Additionally, Congress received a separate notification Nov. 6 of Qatar’s intent to buy $9.9 billion worth of Patriot Advanced Capability (PAC)-3 air and missile defense systems from prime contractors Raytheon Co. of Tewksbury, Mass., and Lockheed Martin.
Qatar wants to buy two THAAD fire units, 12 launchers, 150 interceptors, two fire control and communications devices, two AN/TPY-2 radars and an early warning radar at a cost of $6.5 billion, according to a Nov. 5 Defense Security Cooperation Agency press release. The United Arab Emirates wants to purchase 48 THAAD missiles and nine program launchers, including support equipment, at a cost of $1.1 billion, the agency said in a separate Nov. 5 press release. The Pentagon has approved both sales and Congress has 30 days to block them, Cheryl Amerine, a Lockheed Martin spokeswoman, told SpaceNews.

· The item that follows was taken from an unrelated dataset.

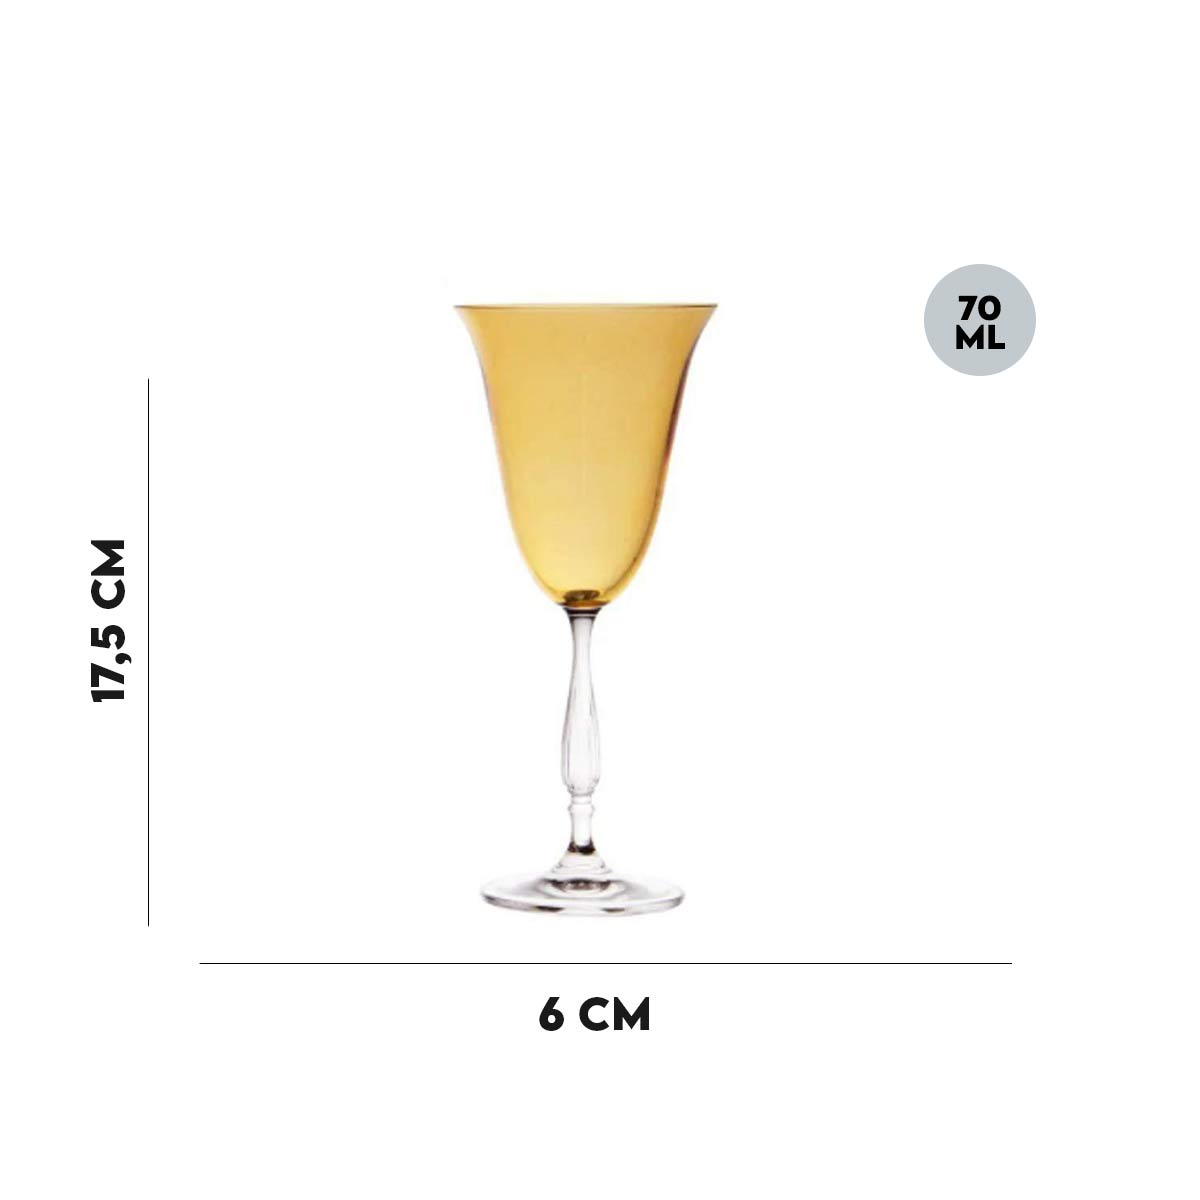 Taça Fregata Ambar Lyor 70 ml  - Lemis

The Nov. 5 notifications come after a THAAD interceptor successfully destroyed a medium-range target missile in late October launched from a C-17 aircraft that took off from Hickham Air Force Base on Oahu, Hawaii, during a complex test. Lockheed Martin Space Systems of Sunnyvale, Calif. is the prime contractor for the THAAD system. The test, billed as the U.S. Missile Defense Agency’s biggest and most complicated today, featured simultaneous target intercepts by Patriot and ship-based missiles.
The ground-based THAAD system is designed to protect deployed U.S. and allied troops and population centers against short- and intermediate-range ballistic missiles. The system, capable of engaging missile threats both inside and outside the atmosphere, has been in development since the 1990s and in production since 2007.
Qatar, according to a Nov. 7 Defense Security Cooperation Agency press release, intends to buy 11 PAC-3 systems and related equipment.